Он сдержал свое слово. Пуассон был не настолько глуп, чтобы противиться отеческим заботам Ле Норман о малютке. Будучи умна, Жанна Антуанета воспользовалась тем образованием, которое ей было дано. Она выучилась музыке, декламации, живописи и гравировании на стали. Воспитанная в дому своего доброго друга, как скромно называла она главного откупщика, – она была его украшением, своею грацией, умом, красотой…

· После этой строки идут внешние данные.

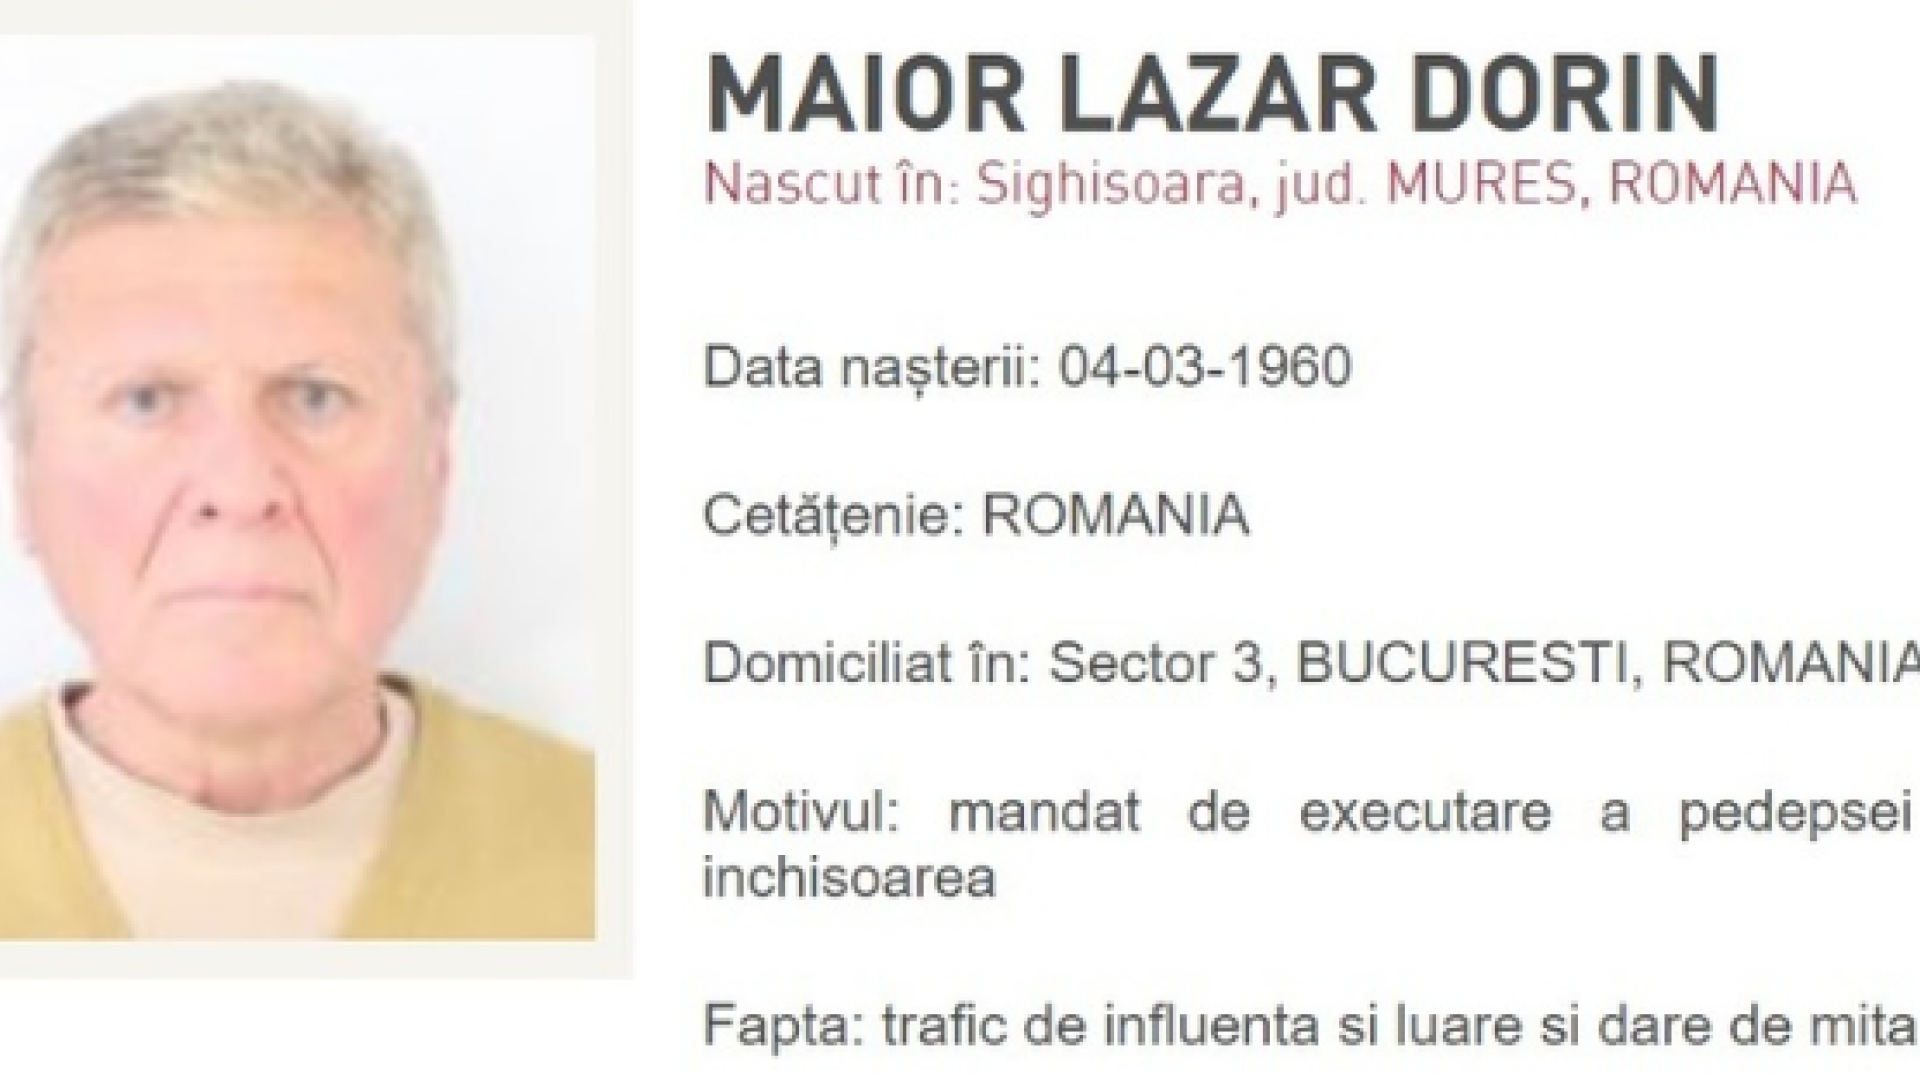 Maior Lazăr Dorin

– О! часто восклицала г-жа Пуассон в экстазе перед дочерью, превратившейся в молодую девушку. – Как ты мила, моя овечка… Ты королевский кусок!
Королевский кусок! Эти слова часто повторяемые матерью, сделали Жанну Антуанету мечтательной! Действительно, в то время короли, повсюду, где процветали, поглощали куски но своему вкусу. После Людовика XIV, Людовик XV, был великим пожирателем. Почему ей не быть куском Людовика XV.
Да, но следовало приблизиться к этому Людовику, что было не только трудно, но даже почти невозможно для дочери г-на Пуассона. Племянник ее крестного отца взял на себя устранить эту трудность.
Э&тот племянник, которого звали Ле Норман д’Этиоль и который был вторым откупщиком, просил и получил руку Жанны Антуанеты. Он был громадно богат, – это хорошо было, но зато наскучило то, что он был очень влюблен в свою жену, – влюблен, как безумный.
Первые два месяца Жанна терпеливо выносила эту любовь. Но вот она забеременела. Гм! Ребенок!.. Иногда он портит талию. Но против этой катастрофы нет лекарства!.. И вот она родила, а муж снова заговорил с ней о своей нежности.
– О! прошу вас, сказала она ему, – позвольте мне вздохнуть!..
– Что вам угодно?..
– Полноте! Вы меня понимаете. Именно потому, что вы меня любите, вы избавите меня от боязни впасть в положение столь же беспокойное, сколько смешное. Беспокойное потому, что оно запрещает все удовольствия. Смешное… Но беременная женщина – не женщина: это бочка, тюк… Фи!.. Объявляю вам, что я убью себя, если вы сделаете мне второго ребенка?